AI-Cafe presents: The Information Bottleneck Principle for Analysis and Design of Neural Classifiers

Bernhard C. Geiger (Key Researcher at Know-Center GmbH, Austria)

The information bottleneck principle, a mathematical formulation of Occam's Razor, aim to create latent representations that are sufficient for a task and maximally compressed – a minimal sufficient statistic. In this talk, we first critically reflect on the application of the information bottleneck principle in deep learning, addressing the question whether and how compression can be connected to generalization performance. We discuss theoretical, experimental, and engineering evidence in the shape of non-vacuous generalization bounds, information plane analyses, and neural classifiers successfully trained using the information bottleneck principle.
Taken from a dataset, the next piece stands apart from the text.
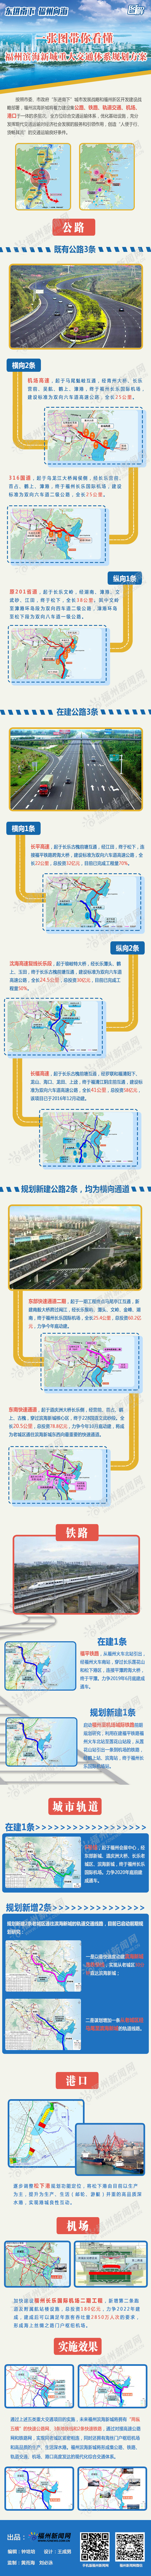 一张图带你看懂福州滨海新城重大交通体系规划方案

Taken together, these three perspectives suggest that compressed representations help improving generalization and robustness.
In the second, shorter part of the talk, we argue that (variational) approaches used to implement the intractable information bottleneck objective can also be successfully used to implement other information-theoretic objectives. We concretize this with the example of invariant representation learning for fair classification. We show that the resulting method has interesting and desirable properties, suggesting that information-theoretic objectives can be useful ingredients for deep learning.

Speakers

Bernhard C. Geiger

Bernhard C. Geiger received the Dipl.-Ing. degree in Electrical Engineering (with distinction), the Dr. techn. degree in Electrical and Information Engineering (with distinction), and the venia docendi in Theoretical Information Engineering from Graz University of Technology, Austria, in 2009, 2014, and 2023, respectively. Currently he is a Key Researcher at Know-Center GmbH, Graz, Austria, where he leads the research area on Methods & Algorithms for Artificial Intelligence. His research interests cover information theory for signal processing and machine learning, theory-assisted machine learning, and information-theoretic model reduction for Markov chains and hidden Markov models.